Но позвольте спросить: почему «людская драма» чаще мешает, чем способствует достижению научного результата? Каким образом естественное стремление человека к первенству, к славе, к благополучию может быть как стимулом, так и тормозом на пути к цели?
I
ПОВЕСТЬ О КАРЬЕРИСТАХ
1. Я ВВЯЗЫВАЮСЬ В КОНФЛИКТОднажды в редакцию пришли три человека. Могу назвать их фамилии, но это ничего не скажет читателю, как не сказало мне, когда они представились: Карпов, Григо и Гурышев, причем двое были с бородами, Карпов и Гурышев, а Григо без бороды, потому что звалась Мариной.
До начала редакционного совещания, проводимого в нашей редакции на ногах и именуемого «топтушкой», оставалось минут двадцать, и я попросил их изложить суть дела. Какое-то время они решали, кому говорить. Я понял, что лучше других это могла бы сделать Григо, но была горяча и многословна, а короче других – Карпов, но слишком сухо. Вероятно, они избрали средний вариант и потому предоставили площадку Гурышеву.
Он сказал, что все они – младшие научные сотрудники (мэнээсы), по специальности – мерзлотоведы, работали на станции, которая называется «мерзлоткой» и находится на Крайнем Севере, и вот получился грандиозный скандал с руководством, и вся троица осталась без работы. В конфликте, заметил Гурышев, принял участие еще один мэнээс, Вадька Рыкчун, – он так и сказал «Вадька», – но потом предал, и потому его нет в наличии.
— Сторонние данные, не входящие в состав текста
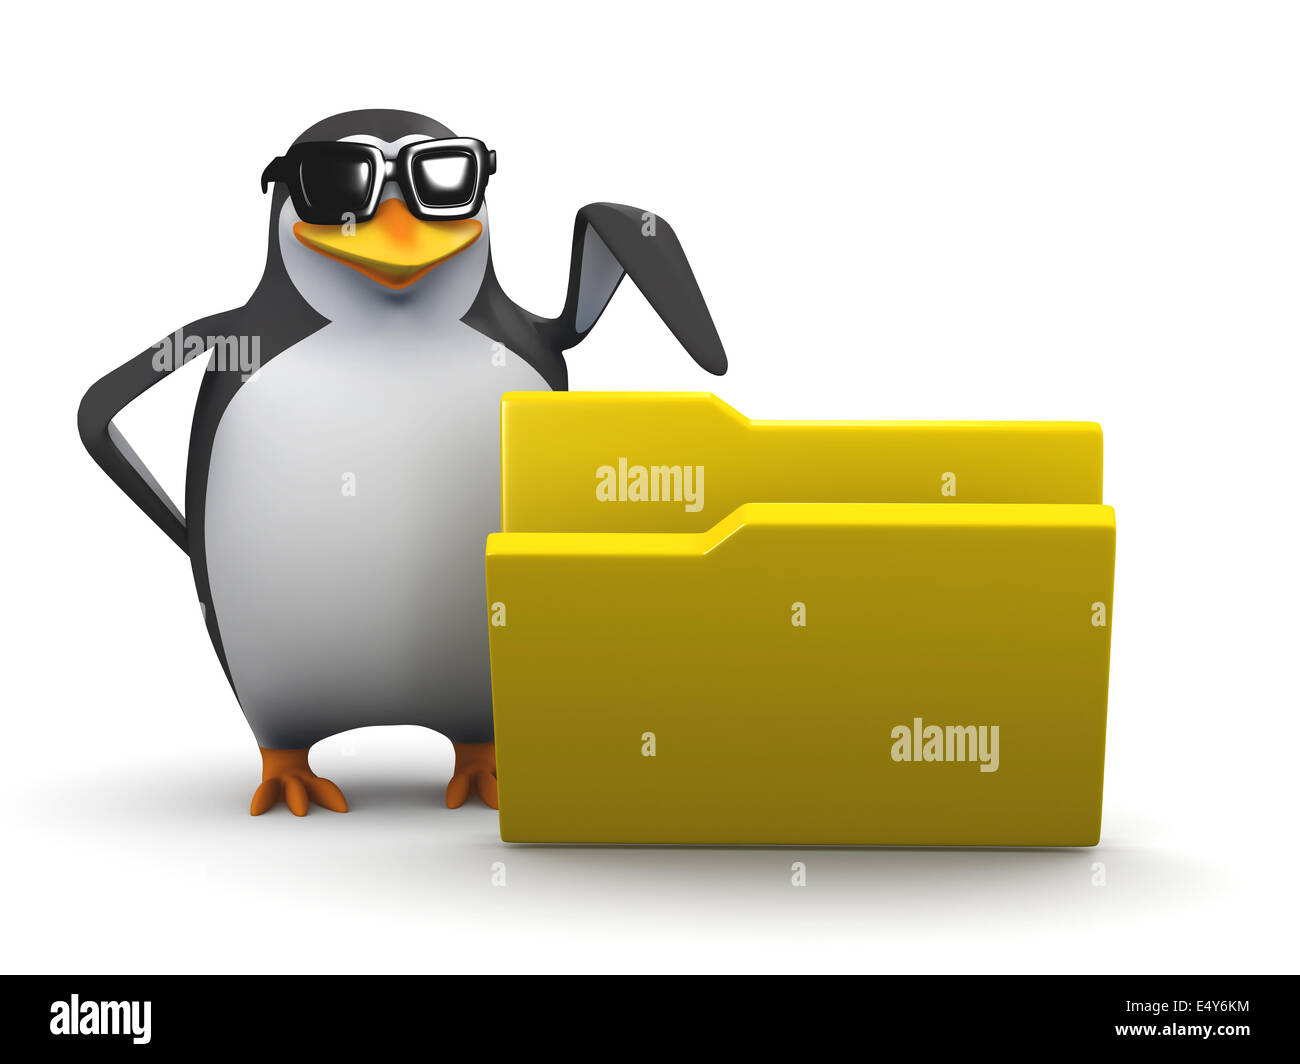 Пингвин 3 6

А троица приехала в Москву искать правду, Гурышев выразился более возвышенно: за сатисфакцией.
Занятно… Во время совещания я думал о том, что скандалы возможны и в стоматологии, и в юриспруденции, в любой научной среде, но, где бы они ни происходили, журналист, решив вмешаться, обязан прежде всего знать специфику каждого конфликта, а для этого пройти ликбез.
Мерзлотоведение? Пятьдесят лет назад никто в мире понятия не имел, что это такое. Возраст науки уже подсказывал предположение: если открытия возможны в ней «на каждом шагу», если они могут сыпаться как из рога изобилия, ученым здесь легче говорить «свое слово», чем, к примеру, в многовековой математике. А если так, в их среде проще обосноваться людям случайным, лишенным таланта, заинтересованным в своей собственной судьбе больше, чем в судьбе науки, – возможно, в этом и заключалась специфика, о которой я помянул выше.
Должен сказать, приход мэнээсов в редакцию совпал с одним острым событием, происшедшим в стране: землетрясением в Ташкенте. Я вспомнил об этом потому, что в те трагические дни на первый план неожиданно вышли сейсмологи, представители довольно скромной профессии, находившейся до тех пор в тени. О них вдруг стали писать и говорить, они заняли командные посты в штабах по оперативному руководству людьми, от них ждали сообщений и предсказаний, – короче говоря, свет юпитеров осветил науку, доселе спокойно дремавшую вместе с таинственными и грозными силами, спрятанными внутри Земли. Вышли эти силы, вышла и наука. Другой вопрос: надолго ли? До нового катастрофического землетрясения?
Мерзлотоведы находились, несмотря на относительную молодость, в несколько ином положении: в конце концов, вечная мерзлота потому и называется вечной, что она действительно вечная. Две трети земного шара сковано льдом. И если человечество, обеспокоенное своим ростом, уже подумывает о бегстве на другие планеты, реально оно совершит эту попытку, лишь убедившись, что ничего не может поделать с вечной мерзлотой: ни растопить ее, ни к ней приспособиться. И пока эта проблема не будет решена, мерзлотоведы останутся в центре общественного внимания. Мой собственный интерес к ним, интерес жгучий и непосредственный, был, таким образом, частичкой общего интереса.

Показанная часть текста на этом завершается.